(Beginning of GIVEN RECORDS)

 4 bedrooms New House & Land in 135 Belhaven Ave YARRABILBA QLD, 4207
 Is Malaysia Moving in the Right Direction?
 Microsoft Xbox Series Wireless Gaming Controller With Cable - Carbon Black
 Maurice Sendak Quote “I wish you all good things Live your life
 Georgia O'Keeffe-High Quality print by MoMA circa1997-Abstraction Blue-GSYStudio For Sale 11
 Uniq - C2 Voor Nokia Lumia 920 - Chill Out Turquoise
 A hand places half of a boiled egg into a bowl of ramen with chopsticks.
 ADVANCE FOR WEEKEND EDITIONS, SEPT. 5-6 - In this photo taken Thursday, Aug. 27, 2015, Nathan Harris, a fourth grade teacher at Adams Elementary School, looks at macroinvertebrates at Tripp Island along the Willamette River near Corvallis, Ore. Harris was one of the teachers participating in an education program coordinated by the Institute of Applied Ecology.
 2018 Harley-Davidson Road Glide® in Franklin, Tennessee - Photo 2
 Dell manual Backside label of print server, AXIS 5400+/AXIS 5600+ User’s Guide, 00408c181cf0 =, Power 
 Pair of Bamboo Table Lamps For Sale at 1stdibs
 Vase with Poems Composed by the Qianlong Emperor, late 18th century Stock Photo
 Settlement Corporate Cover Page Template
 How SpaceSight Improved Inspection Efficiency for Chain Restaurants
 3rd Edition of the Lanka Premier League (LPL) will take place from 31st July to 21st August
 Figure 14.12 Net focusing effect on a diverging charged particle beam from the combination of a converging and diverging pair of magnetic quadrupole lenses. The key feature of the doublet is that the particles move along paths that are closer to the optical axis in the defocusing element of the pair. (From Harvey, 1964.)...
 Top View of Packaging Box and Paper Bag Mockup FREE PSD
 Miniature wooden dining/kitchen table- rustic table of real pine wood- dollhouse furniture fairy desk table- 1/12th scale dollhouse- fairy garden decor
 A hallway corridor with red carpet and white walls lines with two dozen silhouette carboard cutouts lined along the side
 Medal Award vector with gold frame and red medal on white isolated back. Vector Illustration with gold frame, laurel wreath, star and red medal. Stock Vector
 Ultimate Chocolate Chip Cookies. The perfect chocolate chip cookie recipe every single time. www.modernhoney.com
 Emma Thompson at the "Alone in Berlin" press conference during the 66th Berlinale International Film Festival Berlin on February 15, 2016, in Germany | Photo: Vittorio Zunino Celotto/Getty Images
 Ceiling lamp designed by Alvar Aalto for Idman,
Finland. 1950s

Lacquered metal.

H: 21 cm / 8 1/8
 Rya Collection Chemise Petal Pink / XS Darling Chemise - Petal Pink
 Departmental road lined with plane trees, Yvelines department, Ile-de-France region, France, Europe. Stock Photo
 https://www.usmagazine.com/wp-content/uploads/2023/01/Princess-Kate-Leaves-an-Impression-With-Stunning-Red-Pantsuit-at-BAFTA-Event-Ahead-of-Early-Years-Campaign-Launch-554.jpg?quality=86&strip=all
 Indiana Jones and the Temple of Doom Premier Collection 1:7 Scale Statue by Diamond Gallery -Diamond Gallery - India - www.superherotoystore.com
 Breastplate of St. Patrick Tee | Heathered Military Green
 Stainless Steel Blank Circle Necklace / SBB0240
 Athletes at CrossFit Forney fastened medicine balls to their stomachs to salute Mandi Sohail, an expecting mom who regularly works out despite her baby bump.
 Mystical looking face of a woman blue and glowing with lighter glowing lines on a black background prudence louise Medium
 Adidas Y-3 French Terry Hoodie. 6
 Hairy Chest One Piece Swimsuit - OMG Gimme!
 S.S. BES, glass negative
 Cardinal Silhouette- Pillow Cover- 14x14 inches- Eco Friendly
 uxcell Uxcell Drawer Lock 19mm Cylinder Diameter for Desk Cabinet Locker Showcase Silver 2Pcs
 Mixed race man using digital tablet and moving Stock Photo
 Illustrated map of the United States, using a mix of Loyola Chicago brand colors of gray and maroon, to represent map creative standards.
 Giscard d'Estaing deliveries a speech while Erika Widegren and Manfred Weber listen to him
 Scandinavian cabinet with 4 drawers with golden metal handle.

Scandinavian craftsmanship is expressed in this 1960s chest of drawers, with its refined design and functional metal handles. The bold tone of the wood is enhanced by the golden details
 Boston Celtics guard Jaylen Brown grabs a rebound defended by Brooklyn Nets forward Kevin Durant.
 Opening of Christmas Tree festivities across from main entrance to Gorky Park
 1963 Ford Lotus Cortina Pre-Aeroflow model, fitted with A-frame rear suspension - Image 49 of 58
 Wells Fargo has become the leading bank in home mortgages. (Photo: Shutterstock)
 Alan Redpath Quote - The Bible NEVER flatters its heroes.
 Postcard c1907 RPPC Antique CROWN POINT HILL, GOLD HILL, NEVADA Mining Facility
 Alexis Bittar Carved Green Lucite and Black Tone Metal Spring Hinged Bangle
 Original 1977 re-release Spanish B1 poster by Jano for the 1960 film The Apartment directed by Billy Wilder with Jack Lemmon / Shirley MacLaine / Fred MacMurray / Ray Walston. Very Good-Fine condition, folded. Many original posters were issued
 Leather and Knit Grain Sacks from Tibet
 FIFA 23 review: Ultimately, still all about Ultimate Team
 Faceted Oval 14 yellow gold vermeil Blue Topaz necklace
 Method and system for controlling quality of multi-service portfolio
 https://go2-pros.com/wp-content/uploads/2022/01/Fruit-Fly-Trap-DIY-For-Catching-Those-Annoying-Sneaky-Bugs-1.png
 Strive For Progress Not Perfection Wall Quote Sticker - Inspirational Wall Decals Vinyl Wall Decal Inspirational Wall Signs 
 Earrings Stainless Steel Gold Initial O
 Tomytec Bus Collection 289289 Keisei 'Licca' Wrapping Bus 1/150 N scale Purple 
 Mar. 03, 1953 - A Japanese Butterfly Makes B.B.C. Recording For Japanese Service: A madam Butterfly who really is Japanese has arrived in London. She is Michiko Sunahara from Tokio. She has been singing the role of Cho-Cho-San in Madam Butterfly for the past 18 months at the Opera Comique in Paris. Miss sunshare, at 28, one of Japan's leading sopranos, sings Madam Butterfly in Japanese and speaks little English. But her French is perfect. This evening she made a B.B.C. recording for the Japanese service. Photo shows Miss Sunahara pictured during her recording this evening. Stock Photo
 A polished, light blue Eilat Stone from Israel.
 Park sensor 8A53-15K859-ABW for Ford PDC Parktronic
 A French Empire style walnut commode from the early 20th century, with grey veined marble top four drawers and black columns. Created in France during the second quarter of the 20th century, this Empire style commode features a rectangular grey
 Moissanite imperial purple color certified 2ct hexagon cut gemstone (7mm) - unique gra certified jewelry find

(End of GIVEN RECORDS)

## EXERCISE
Each line above from the one with "Lacquered metal." up to and including the one with "Cardinal Silhouette- Pillow" must be set down exactly, and no line outside that span may appear.

## THE ANSWER
Lacquered metal.

H: 21 cm / 8 1/8
 Rya Collection Chemise Petal Pink / XS Darling Chemise - Petal Pink
 Departmental road lined with plane trees, Yvelines department, Ile-de-France region, France, Europe. Stock Photo
 https://www.usmagazine.com/wp-content/uploads/2023/01/Princess-Kate-Leaves-an-Impression-With-Stunning-Red-Pantsuit-at-BAFTA-Event-Ahead-of-Early-Years-Campaign-Launch-554.jpg?quality=86&strip=all
 Indiana Jones and the Temple of Doom Premier Collection 1:7 Scale Statue by Diamond Gallery -Diamond Gallery - India - www.superherotoystore.com
 Breastplate of St. Patrick Tee | Heathered Military Green
 Stainless Steel Blank Circle Necklace / SBB0240
 Athletes at CrossFit Forney fastened medicine balls to their stomachs to salute Mandi Sohail, an expecting mom who regularly works out despite her baby bump.
 Mystical looking face of a woman blue and glowing with lighter glowing lines on a black background prudence louise Medium
 Adidas Y-3 French Terry Hoodie. 6
 Hairy Chest One Piece Swimsuit - OMG Gimme!
 S.S. BES, glass negative
 Cardinal Silhouette- Pillow Cover- 14x14 inches- Eco Friendly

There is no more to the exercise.